Vilalba lançou recentemente Um Grande Acordo Nacional (Elefante, 2021). O livro é uma grande reportagem sobre o mais recente golpe sofrido pelo Brasil: o impeachment da presidenta Dilma Rousseff (PT). Tendo como fio condutor a tentativa de entrevistar a presidenta, o jornalista buscou entender os motivos e a dinâmica que levaram à sua derrubada da Presidência.
Saindo do papel
A produção de HQs mais uma vez migra de suporte. Jornais e revistas vêm perdendo força e espaço, sendo substituídos por sites e redes sociais. A expressão em novas plataformas, mais uma vez, alterou a forma de produção e leitura das reportagens em quadrinhos. “Busquei fazer quadrinhos na vertical quando percebi que o principal jeito de ver e acessar ia ser o celular, ia ser um site.
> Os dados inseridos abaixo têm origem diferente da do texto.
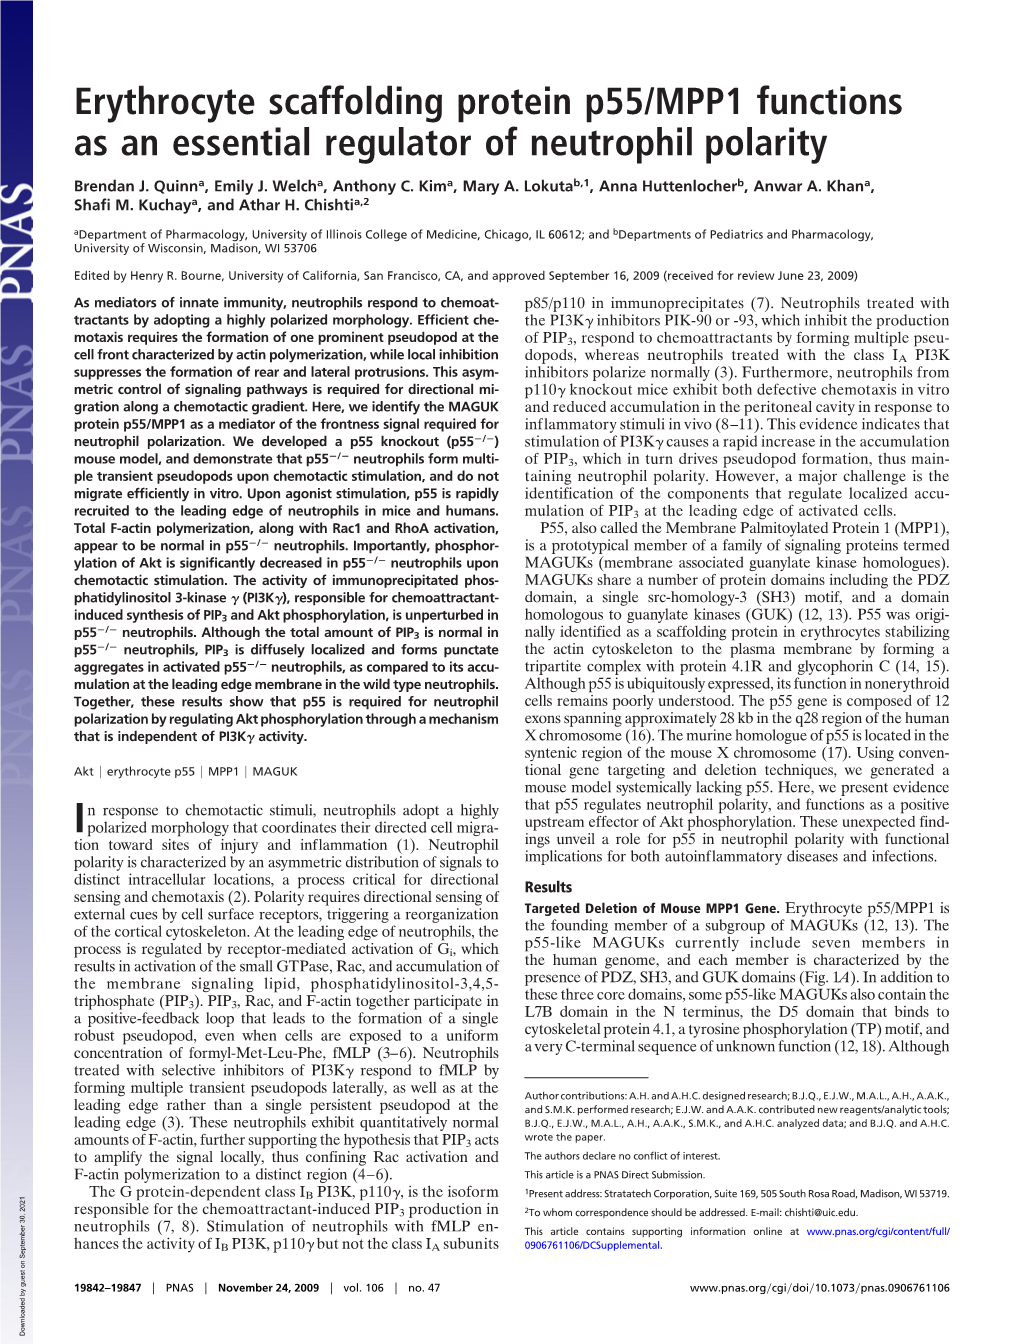 Erythrocyte Scaffolding Protein P55/MPP1 Functions As an Essential Regulator of Neutrophil Polarity

Pesquisei bastante a melhor forma de ler HQs no celular, por exemplo”, explica De Maio.
Campos diz que a natureza dos quadrinhos, de se apoiar em desenho e texto, ajudou na mudança do analógico para o digital. “Não é à toa que os quadrinhos tiveram uma expansão tão grande nesse período da internet da web, porque as pessoas que leem quadrinhos adaptaram-se muito rapidamente à tecnologia de leitura na tela do computador. Educaram-se mais rápido do que quem estava lendo livros”, afirma Campos.
A diminuição dos veículos para a publicação, contudo, faz com que os profissionais busquem outras formas para se expressar. “Com a decadência do analógico, o fim dos jornais e das revistas, eu estava meio sem perspectivas. Estou feliz por estar achando outro caminho. Até sonho um dia em fazer alguma coisa com animação”, projeta Vilalba.
Animação também é uma forma já apropriada pelo jornalismo. O documentário Valsa com Bashir (2008), do diretor israelense Ari Folman, é uma expressão disso: animação realizada a partir de entrevistas e fatos reais. Mas isso é para uma outra história. De qualquer forma, os desafios enfrentados pelos jornalistas, frutos de mudanças estruturais nos veículos de comunicação, não são um problema apenas daqueles que se dedicam a realizar suas reportagens em HQs. É uma questão colocada para o conjunto da categoria, que busca formas de afirmar o jornalismo profissional – em todas as suas expressões –, enfaticamente, mais necessário do que nunca no Brasil que vivemos nos dias de hoje.